カリウム イオンは細胞の静止膜電位に貢献し、細胞外の K+濃度細胞興奮性の重要な調節因子であります。確認、調整、モノポーラ K+を使用する方法について説明-選択的な電極。そのような電極を使用すると、大人の海馬スライスにおける電気的誘発 K+濃度動態の測定ができます。

要約

カリウム イオンは細胞の静止膜電位に貢献し、そのため、細胞外の K+濃度は細胞興奮性の重要な調節因子。活動電位の根底にある電位依存性イオン チャネルのクローズ、オープン、不活化状態間の平衡をシフトすることによって静止膜電位および細胞内興奮性細胞外の K+影響の濃度を変更発生と伝導。したがって、健康と病気にかかった状態で細胞外の K+のダイナミクスを直接測定する貴重なです。ここでは、確認、調整および単極 K+を使用する方法について述べる-選択的な電極。我々 は電気的誘発 K+濃度動態を測定する成体海馬スライスで展開します。そのような電極の賢い使用は神経系における細胞外の K+の濃度を制御する細胞および生物物理学的メカニズムを評価するために必要なツール キットの重要な部分です。

概要

カリウム イオンの濃度が脳内で堅く調整され、それらの変動はすべての細胞の静止膜電位に強力な影響を及ぼします。これらの重要な貢献の観点から、生物学の重要な目標は、1体のさまざまな器官の細胞外スペースでしっかりと K+の濃度を調節するために使用する細胞および生物物理学的メカニズムを決定することです。,2。 これらの研究で重要な要件は、K+濃度を正確に測定する能力。健康と病気の状態では、脳でカリウムの恒常性に貢献する多くのコンポーネントされているが、識別された3,45、さらに進行中の専門にされた性質のため抑制されていますカリウム測定用イオン選択性電極の準備。電極センサーを表す K+濃度の in vitro組織スライスのin vivo測定のゴールド スタンダード。
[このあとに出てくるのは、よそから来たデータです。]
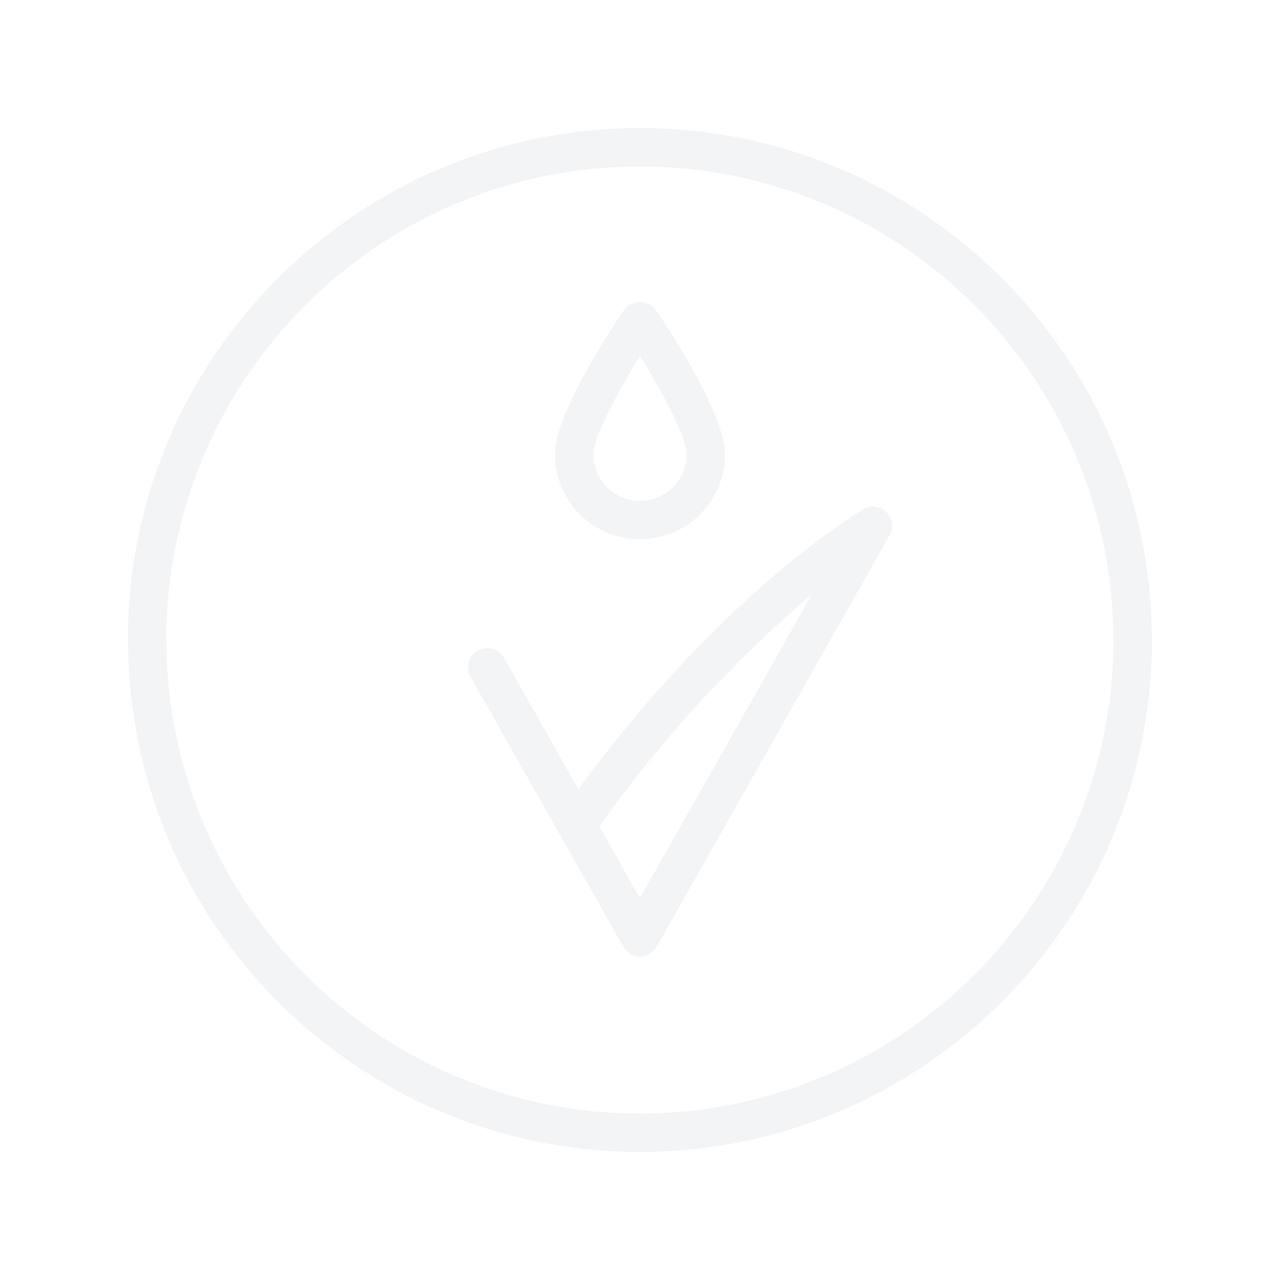 Shiseido Benefiance Extra Creamy Cleansing Foam 125ml

監視 K+のための新しいアプローチがしかし、これらは生物学的関連性の高い範囲の K+濃度を検出しないまたはない吟味されている完全に生体が光センサーを使用して開発中の最初の結果有望な6,7,8が表示されます。光センサーと比較して、電極、電極アレイ9空間分解能を向上させることが根本的にイオンの点光源測定に限定。K+の動態を監視するため銃身の単一電極センサーについて説明します。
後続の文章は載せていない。